We have the following rating matrix from the submitted ratings by each user. And notice that half of the users likes Pixar animated films a lot while the other half tends to have strong preference toward historical films.

Rating = np.array([
    [5, 5, 1, 2],
    [1, 1, 5, 5],
    [2, 1, 5, 5],
    [5, 5, 1, 1]
], dtype='float')

# Now let's perform SVD decomposition on this dataset.
eig_vals, eig_vecs =  np.linalg.eig(Rating.T.dot(Rating))
s1, s2, s3, s4 = np.sqrt(eig_vals)

# Let's say we only care about two features, i.e. whether it's animated film or historical film. We will drop the
# other two less important singular values and eigenvectors
S = np.array([[s1, 0], [0, s2]])
M = np.delete(eig_vecs, [2, 3],axis=1)
U = Rating.dot(M).dot(np.linalg.inv(S))

S

array([[12.52079729,  0.        ],
       [ 0.        ,  7.53112887]])

M

array([[-0.52034736, -0.46796508],
       [-0.47878871, -0.53010252],
       [-0.47878871,  0.53010252],
       [-0.52034736,  0.46796508]])

U

array([[-0.52034736, -0.46796508],
       [-0.47878871,  0.53010252],
       [-0.52034736,  0.46796508],
       [-0.47878871, -0.53010252]])

Notice that the user matrix, we can clearly see that user 1 and user 4 are similar to each other in interest and user 2 and 3 are also similar to each other. This is telling us that Alice and Debby have similar taste in movies and Calvin and Bob share interest in historical drama.

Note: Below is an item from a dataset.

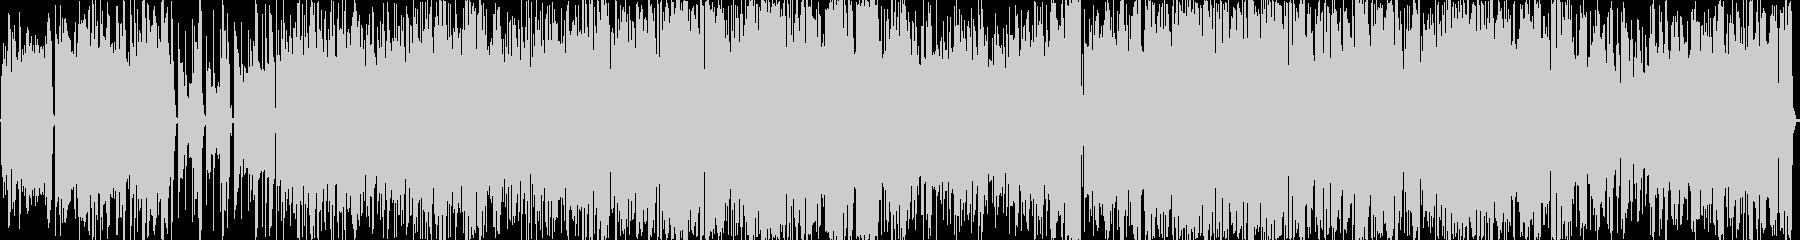 歪のベースサウンド 疾走感 BGMの未再生の波形

Low Rank Matrix Factorization

What we did up there is effectively a low rank apprixomation. The original singular matrix had a rank 4 but we learned that most of the singular values are not really important. We dropped the extra 2 ranks and we can still produce a matrix that similar to the original one.

For example

approximated_rating = U.dot(S).dot(M.T)
print approximated_rating

[[5.03940005 4.98763    1.25114372 1.7408964 ]
 [1.25114372 0.75393781 4.98656303 4.98763   ]
 [1.7408964  1.25114372 4.98763    5.03940005]
 [4.98763    4.98656303 0.75393781 1.25114372]]

# Roud it up
np.round(approximated_rating)

array([[5., 5., 1., 2.],
       [1., 1., 5., 5.],
       [2., 1., 5., 5.],
       [5., 5., 1., 1.]])

Look! It looks just like the original!!!